Identifying Prompted Artist Names from Generated Images
Grace Su, Sheng-Yu Wang, Aaron Hertzmann, Eli Shechtman, Jun-Yan Zhu, Richard Zhang

TL;DR
This paper introduces a benchmark dataset and evaluation methods for identifying artist names invoked in prompts from generated images, addressing challenges in artist attribution and model moderation.
Contribution
It provides a large-scale dataset, diverse evaluation settings, and analysis of various methods for prompted-artist recognition in generated images.
Findings
Supervised and few-shot models perform well on seen artists and complex prompts.

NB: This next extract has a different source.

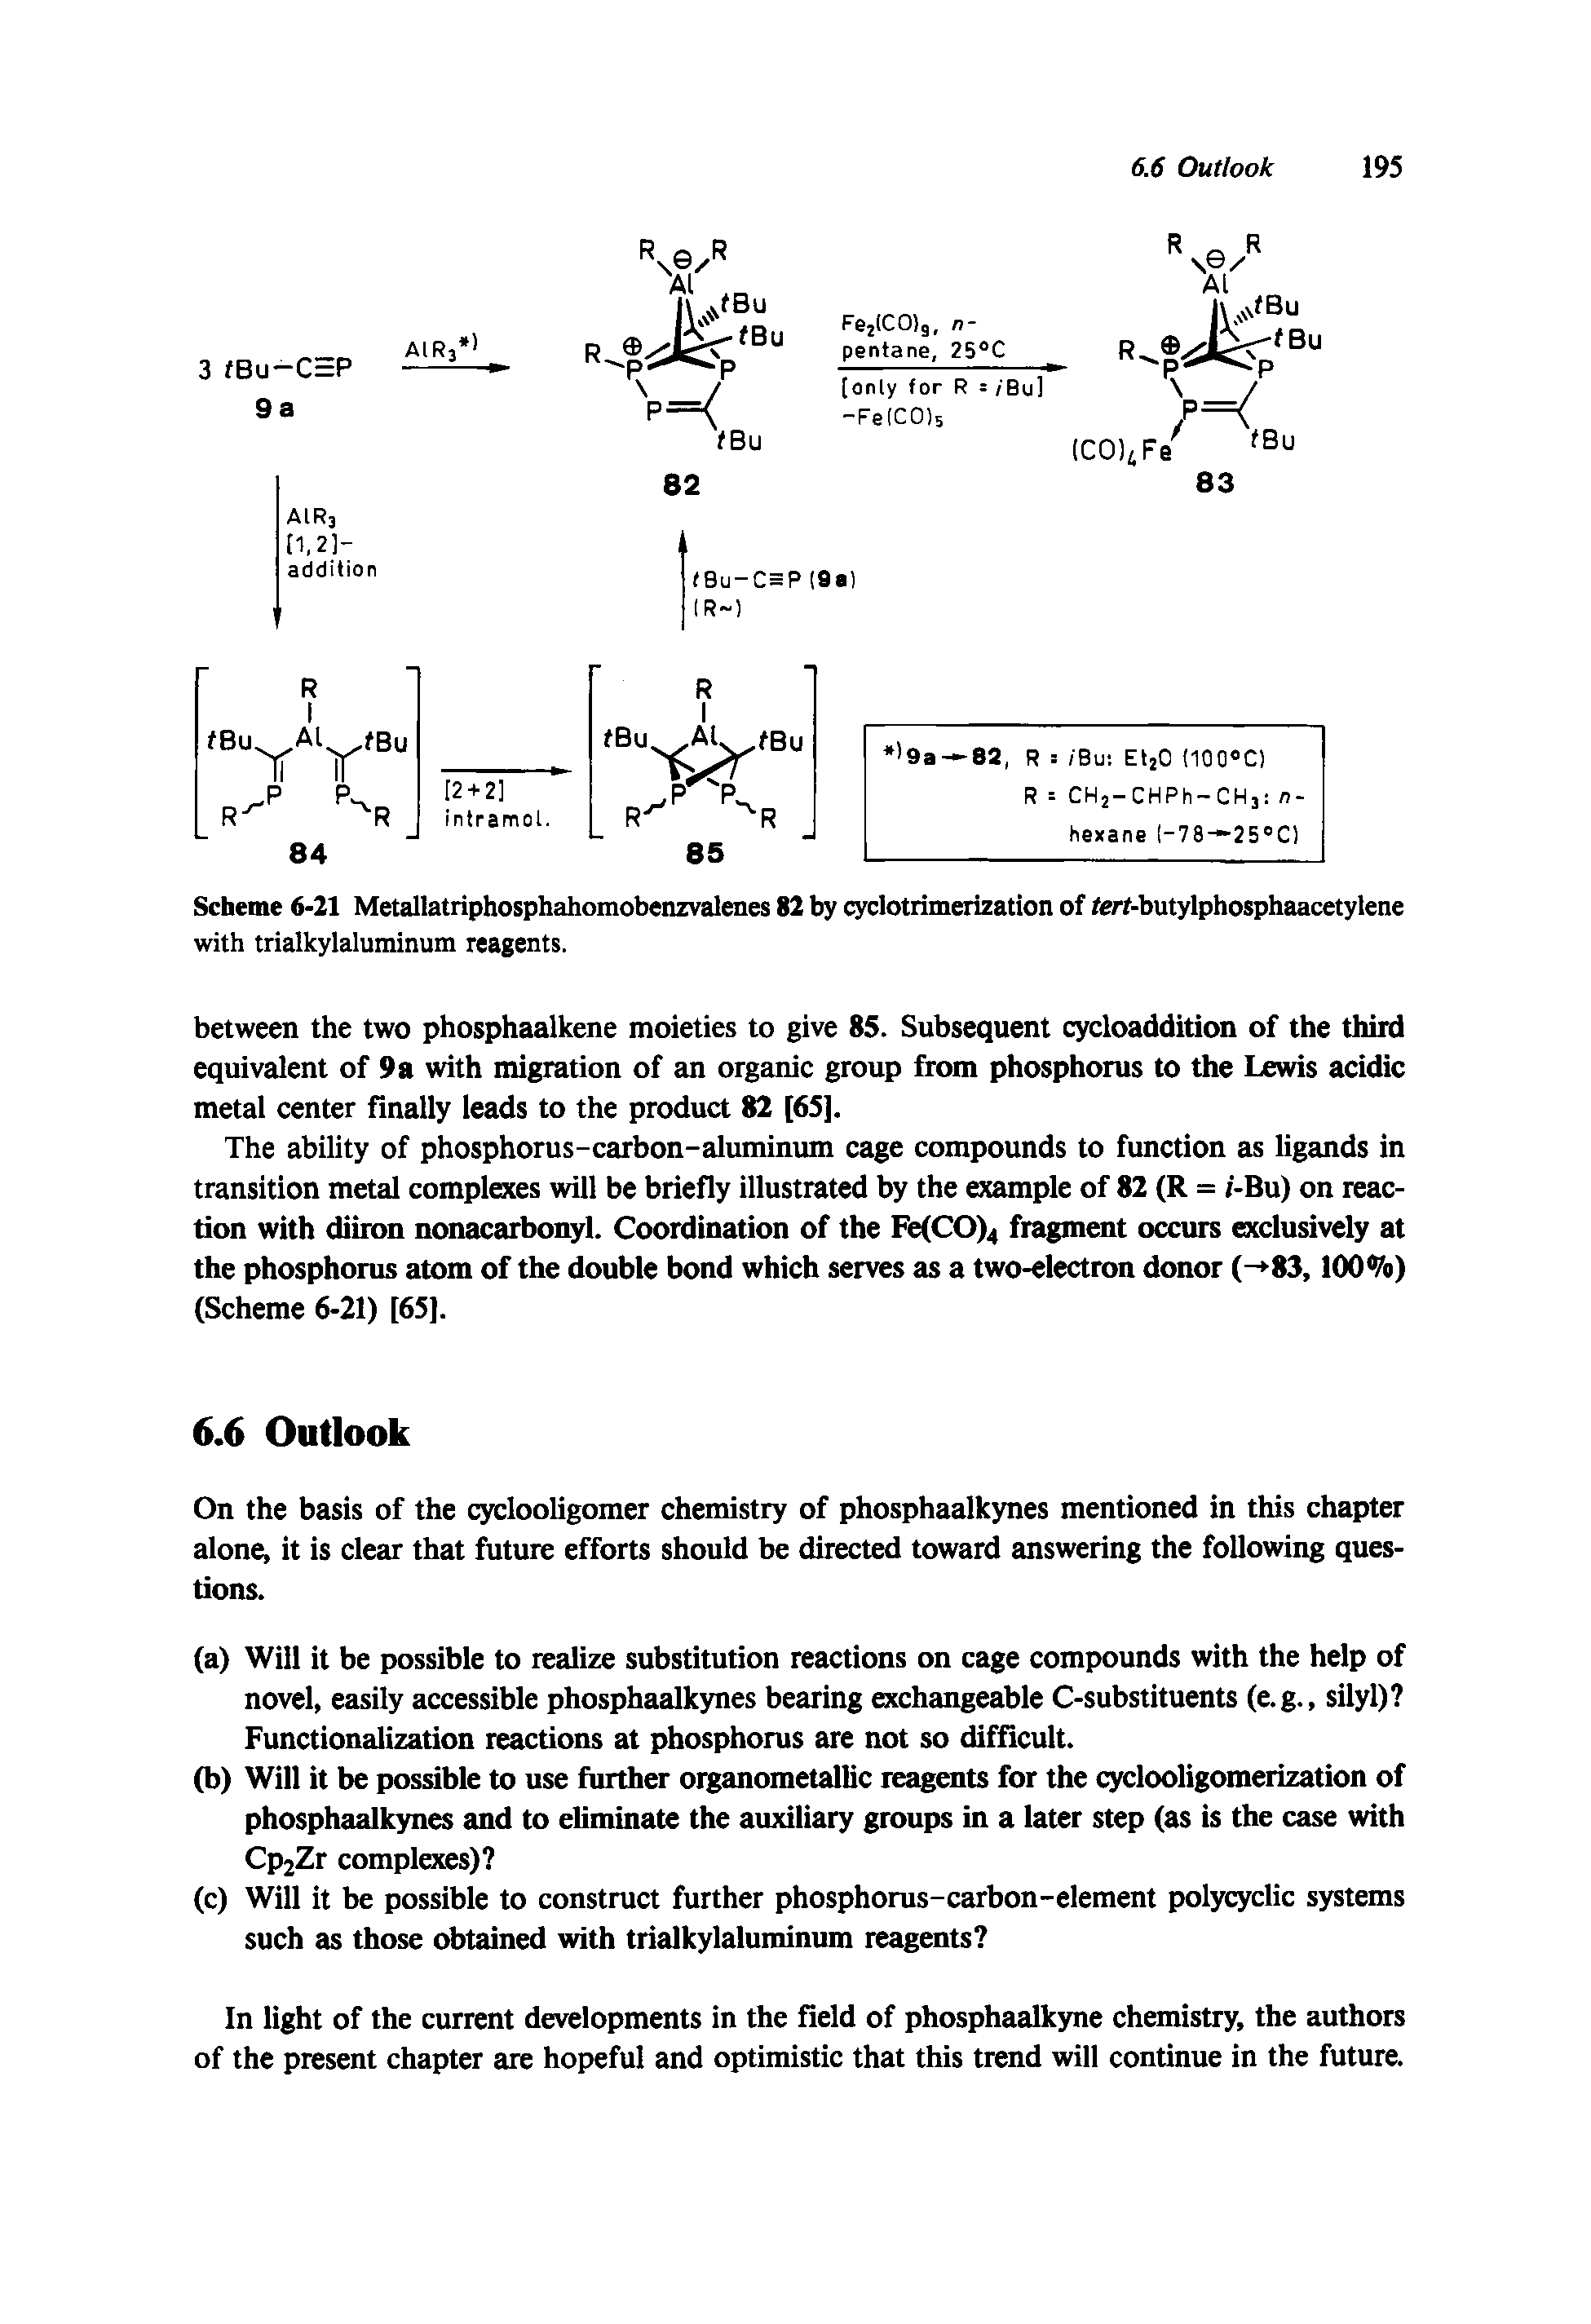 Scheme 6-21 Metallatriphosphahomobenzvalenes 82 by cyclotrimerization of fer -butylphosphaacetylene with trialkylaluminum reagents.

Style descriptors transfer better when artist styles are distinctive.
Multi-artist prompts are the most challenging for recognition.
Abstract
A common and controversial use of text-to-image models is to generate pictures by explicitly naming artists, such as "in the style of Greg Rutkowski". We introduce a benchmark for prompted-artist recognition: predicting which artist names were invoked in the prompt from the image alone. The dataset contains 1.95M images covering 110 artists and spans four generalization settings: held-out artists, increasing prompt complexity, multiple-artist prompts, and different text-to-image models. We evaluate feature similarity baselines, contrastive style descriptors, data attribution methods, supervised classifiers, and few-shot prototypical networks. Generalization patterns vary: supervised and few-shot models excel on seen artists and complex prompts, whereas style descriptors transfer better when the artist's style is pronounced; multi-artist prompts remain the most challenging. Our benchmark…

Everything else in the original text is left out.